Suppose we were to sample from a population of shapes, and we observed \(4/9\) of the sample were squares, \(3/9\) were circles, and a triangle and a diamond. Then our best guess of what the population that we sampled from was a population with \(4/9\) squares, \(3/9\) circles, and \(1/9\) of triangles and diamonds.

Using this approximated population (which is just many many copies of our sample data), we can repeatedly sample \(\bar{x}^{*}\) values to create an estimate of the sampling distribution of \(\bar{x}\).

Because our approximate population is just an infinite number of copies of our sample data, then sampling from the approximate population is equivalent to sampling with replacement from our sample data. If I take \(n\) samples from \(n\) distinct objects with replacement, then the process can be thought of as mixing the \(n\) objects in a bowl and taking an object at random, noting which it is, replace it into the bowl, and then draw the next sample. Practically, this means some objects will be selected more than once and some will not be chosen at all. To sample our observed data with replacement, we can use the sample() function in R.

names=c('Alison','Brandon','Casey','Derek','Elise')
sample(names, length(names), replace=T)
## [1] "Elise"  "Alison" "Elise"  "Alison" "Derek"

Notice Alison has selected twice, while Brandon has not been selected at all.

The sampling from the estimated population via sampling from the observed data is called bootstrapping because we are making no distributional assumptions about where the data came from, and the idiom “Pulling yourself up by your bootstraps” seemed appropriate.

Example: Mercury Levels in Fish from Florida Lakes

A data set provided by the Lock\(^{5}\) introductory statistics textbook looks at the mercury levels in fish harvested from lakes in Florida. There are approximately 7,700 lakes in Florida that are larger than 10 acres. As part of a study to assess the average mercury contamination in these lakes, a random sample of \(n=53\) lakes, an unspecified number of fish were harvested and the average mercury level (in ppm) was calculated for fish in each lake. The goal of the study was to assess if the average mercury concentration was greater than the 1969 EPA “legally actionable level” of 0.5 ppm.

# read the Lakes data set
Lakes <- read.csv('http://www.lock5stat.com/datasets/FloridaLakes.csv')
# make a nice picture... dot plots are very similar to histograms
# dot plots can be informative for small samples. Unfortunately the
# y-axis is not meaningful in the geom_dotplot() version because of ... reasons.
ggplot(Lakes, aes(x=AvgMercury)) +
  geom_dotplot()

We can calculate mean average mercury level for the \(n=53\) lakes

Lakes %>% summarise(xbar = mean( AvgMercury ))
##        xbar
## 1 0.5271698

The sample mean is greater than \(0.5\) but not by too much. Is a true population mean concentration \(\mu_{Hg}\) that is \(0.5\) or less incompatible with our observed data? Is our data sufficient evidence to conclude that the average mercury content is greater than \(0.5\)? Perhaps the true average mercury content is less than (or equal to) \(0.5\) and we just happened to get a random sample that with a mean greater than \(0.5\)?
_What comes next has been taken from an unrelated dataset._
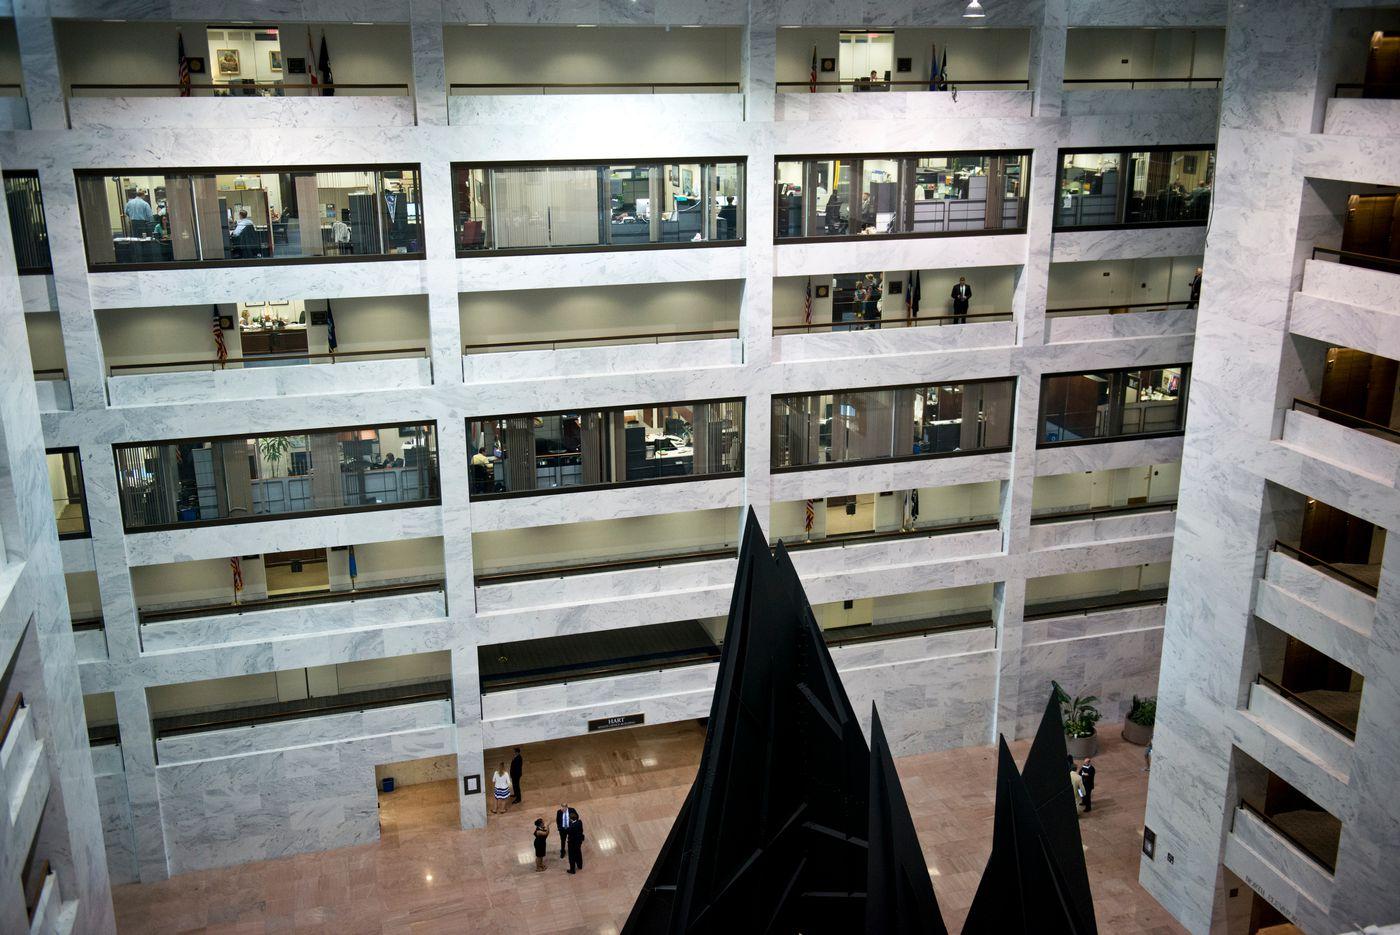 The Hart Senate Office Building houses both Sen. Lisa Murkowski and Sen. Dan Sullivan's offices. (Marc Lester / Alaska Dispatch News )

3.2 Conducting a Bootstrap

The first step in answering these questions is to create an estimate of the sampling distribution of \(\bar{x}_{Hg}\). To do this, we will sample from the approximate population of lakes, which is just many many replicated copies of our sample data. There are many ways to bootstrap using R, and chosen here is to introduce the package boot for conducting the bootstrap for us with minimal code. For alternative methods using base R or the package mosaic, see Appendix A.

library(boot)

To use the boot() function within the boot package, we will have to define a function for the resampling to occur. Below, we create the function mean.function, that accepts a vector (our observations) and calculates the mean. The index is so that boot() can do the resampling. How do you think we could change this to bootstrap different statistics?

# functions we defined to be passed into boot() need to take a whatever data
# you'll ultimately pass into boot() (here we call that data x) and set of 
# indices.
mean.function <- function(x, index) {
  d <- x[index]     # This first line will go in ever bootstrap function you make.
  return(mean(d))  
}

Once you have defined what you would like to bootstrap, the function boot() is a simple call in R, and produces the number of iterations \(R\) we choose. Let us try running \(R = 10000\) bootstrap iterations.

# create the Estimated Sampling Distribution of xbar
BootDist <- boot(data = Lakes$AvgMercury, statistic = mean.function, R=10000)

There are many outputs available within the output of boot(). We are interested in the calculated statistic for each redraw, which is saved within the output as the variable \(t\). We can place the calculated means for each redraw into a data frame and produce a visualization of the estimated sampling distribution of \(\bar{x}\).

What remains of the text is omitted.